There are a lot of unanswered questions about trading bullish chart patterns and how to use them. This section of the article focuses on the questions you want answered.

What Is The Most Bullish Chart Pattern?

There are several bullish chart patterns, but triangles are among the most popular chart patterns used in technical analysis because they occur more frequently than other patterns. The three most common types of triangles are symmetrical triangles, ascending triangles, and descending triangles.

What Are Bullish Patterns?

Bullish chart patterns are technical analysis patterns or tools traders use to spot a potential change in the downtrend. Bullish patterns help traders to position themselves to ride massive uptrends and spot good entries and exits of price movements.

How Many Bullish Patterns Are There?

There are so many bullish patterns that technical analysts adopt for better profitability. The bullish patterns mentioned above are very common among traders and, when applied with other strategies, would lead to more investment returns.

What Is The Most Successful Chart Pattern?

A bullish chart pattern, when used well with other technical patterns, would b more successful depending on the market price actions. Based on market conditions and preferences of each trader, there are chart patterns that could be more successful for different traders.

Which Is The Strongest Candlestick Pattern?

The bullish engulfing candlestick pattern is considered one of the strongest patterns for price reversal in a downtrend.
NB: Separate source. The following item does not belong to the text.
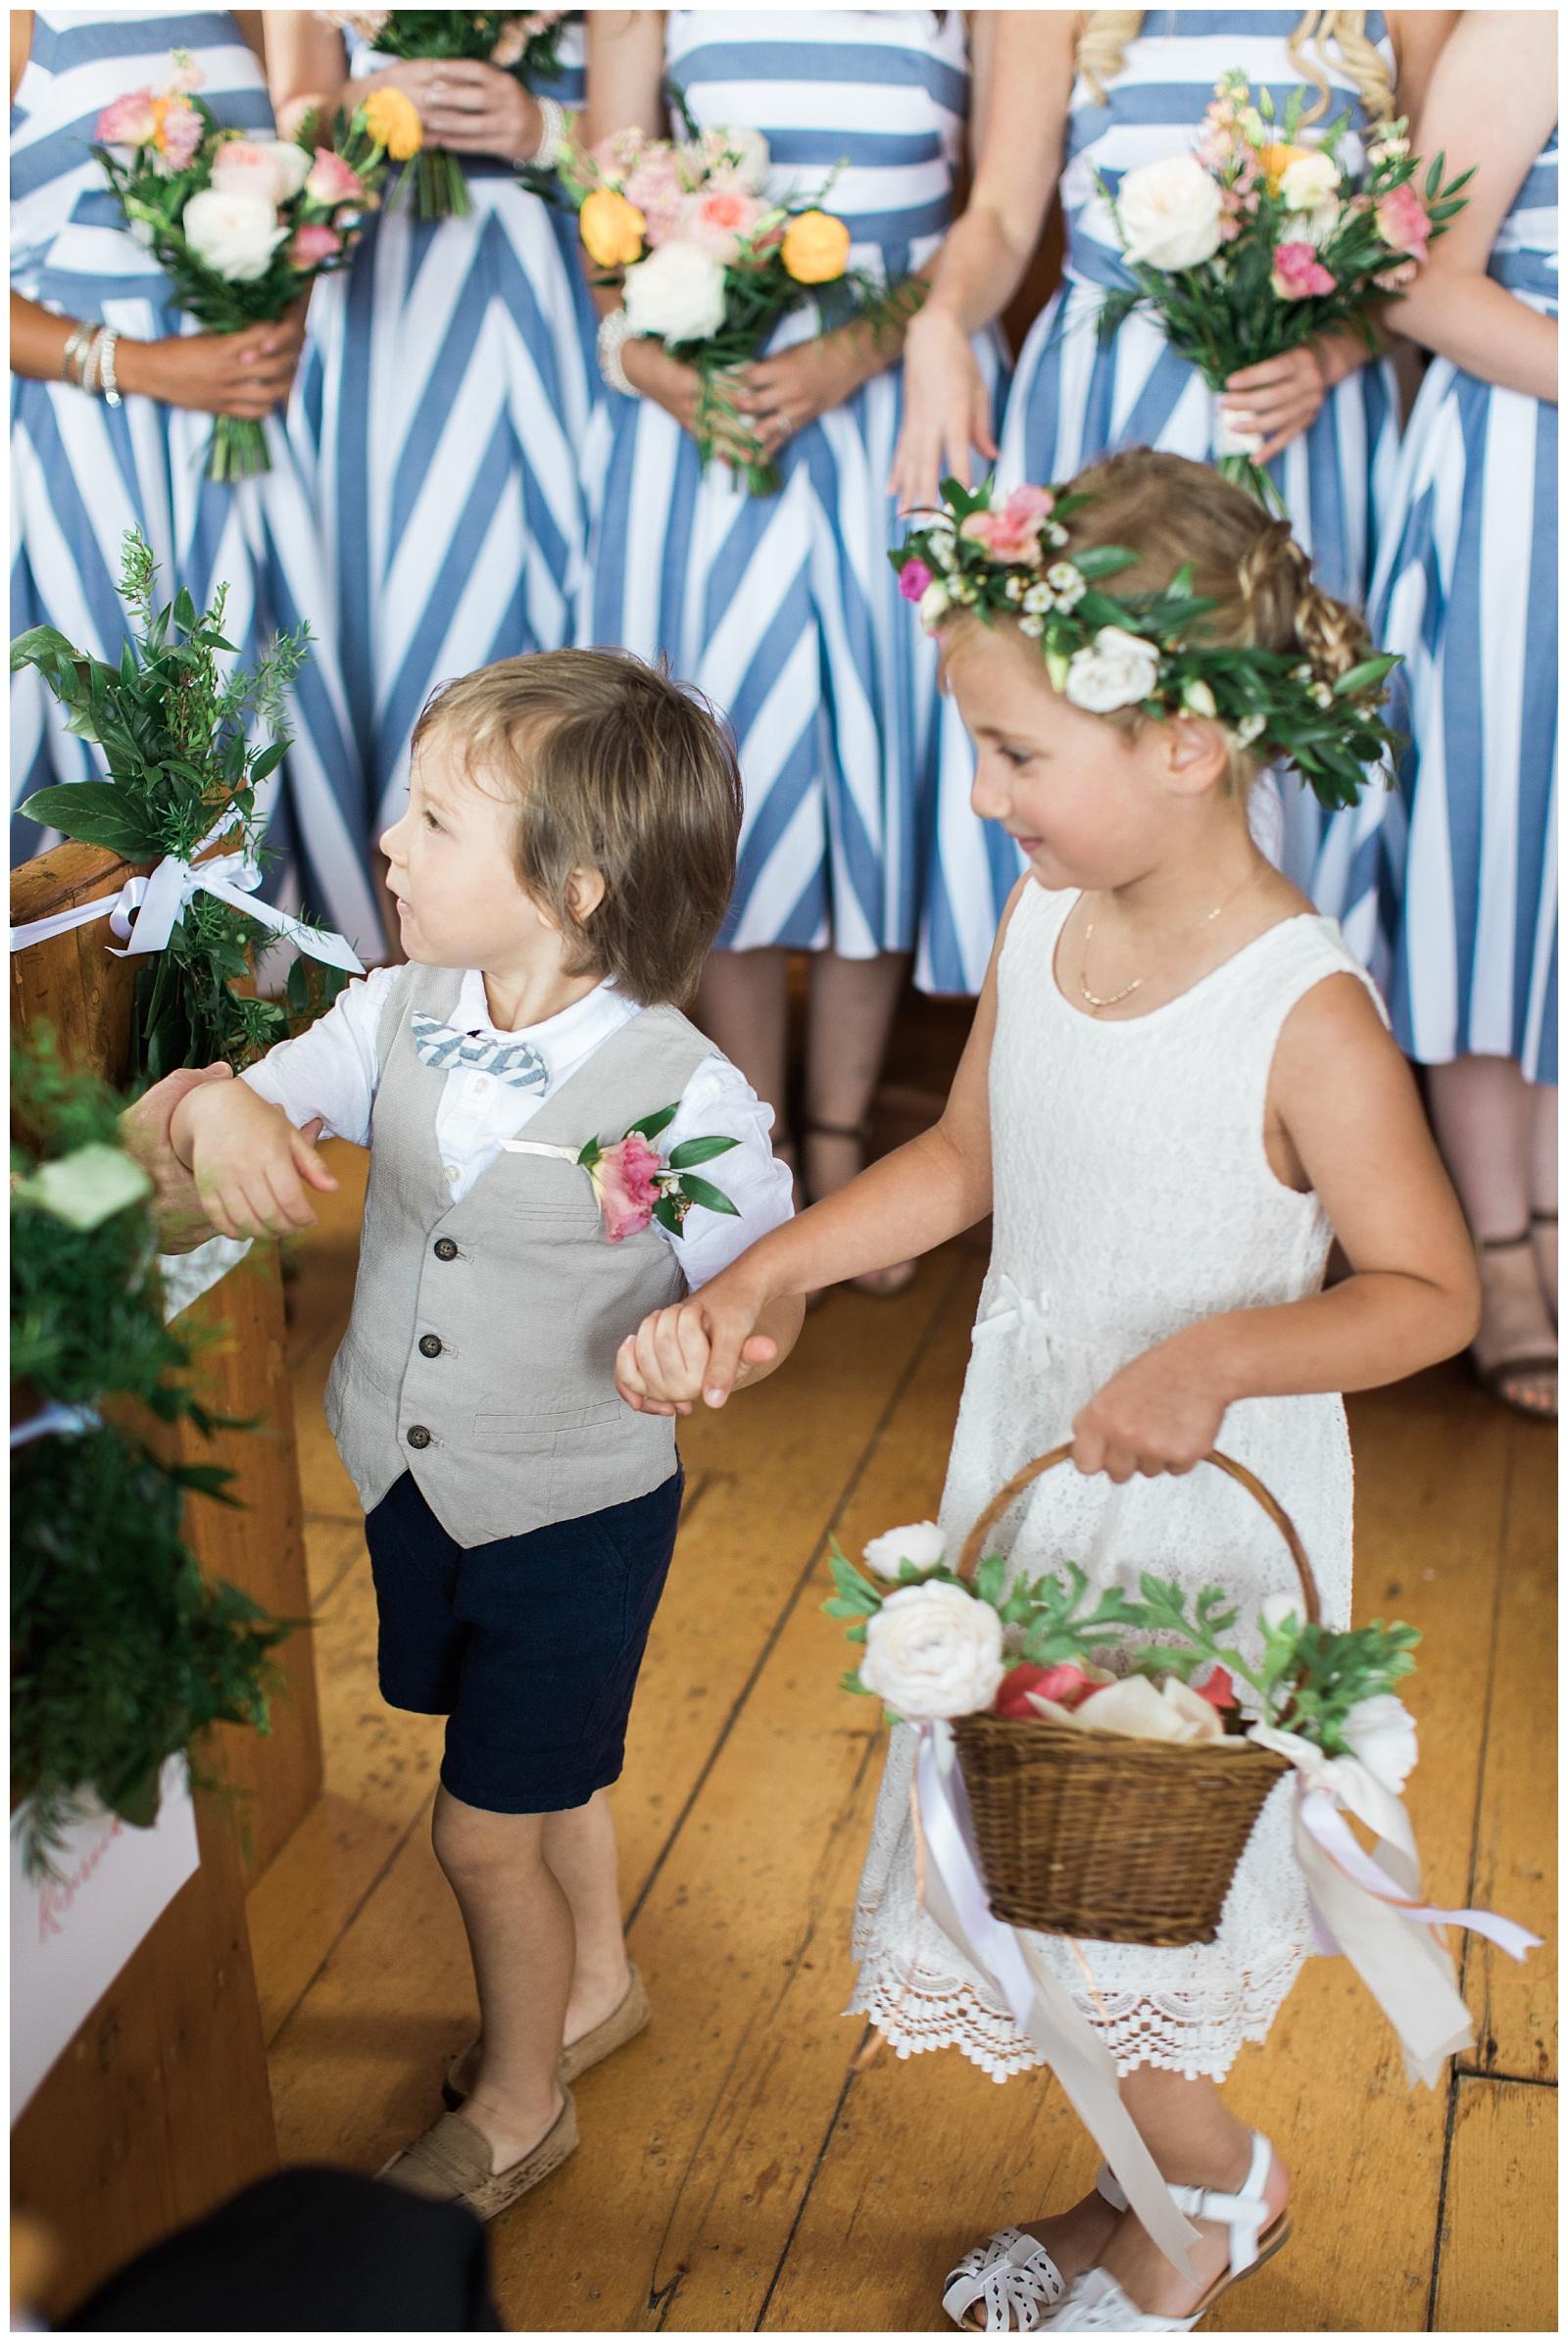 Flower girl and ring bearer walking down aisle at Guelph Ontario Wedding | Ontario Wedding Photographer | Toronto Wedding Photographer | 3photography

It is easy to spot and can be successful when combined with other strategies.

How Do You Read A Bullish Chart?

A bullish chart is formed when there are successive higher and lower lows or swing highs as prices continue progressing in an upward trend or momentum.

Is Bullish Buy Or Sell?

Bullish refers to buying opportunity or a long leverage opportunity; this gives traders and investors the chance to open positions on crypto assets.

How Can You Tell A Bullish Trend?

You can tell a bullish trend when you see a chart formed with successive higher highs and lower lows or swing highs as prices continue to progress in an upward trend or momentum.

Can A Head And Shoulders Pattern Be Bullish?

The Head and shoulder pattern refers to a potential bearish momentum imminent, while an inverted head and shoulder pattern indicates a change in price sentiment from bearish to bullish.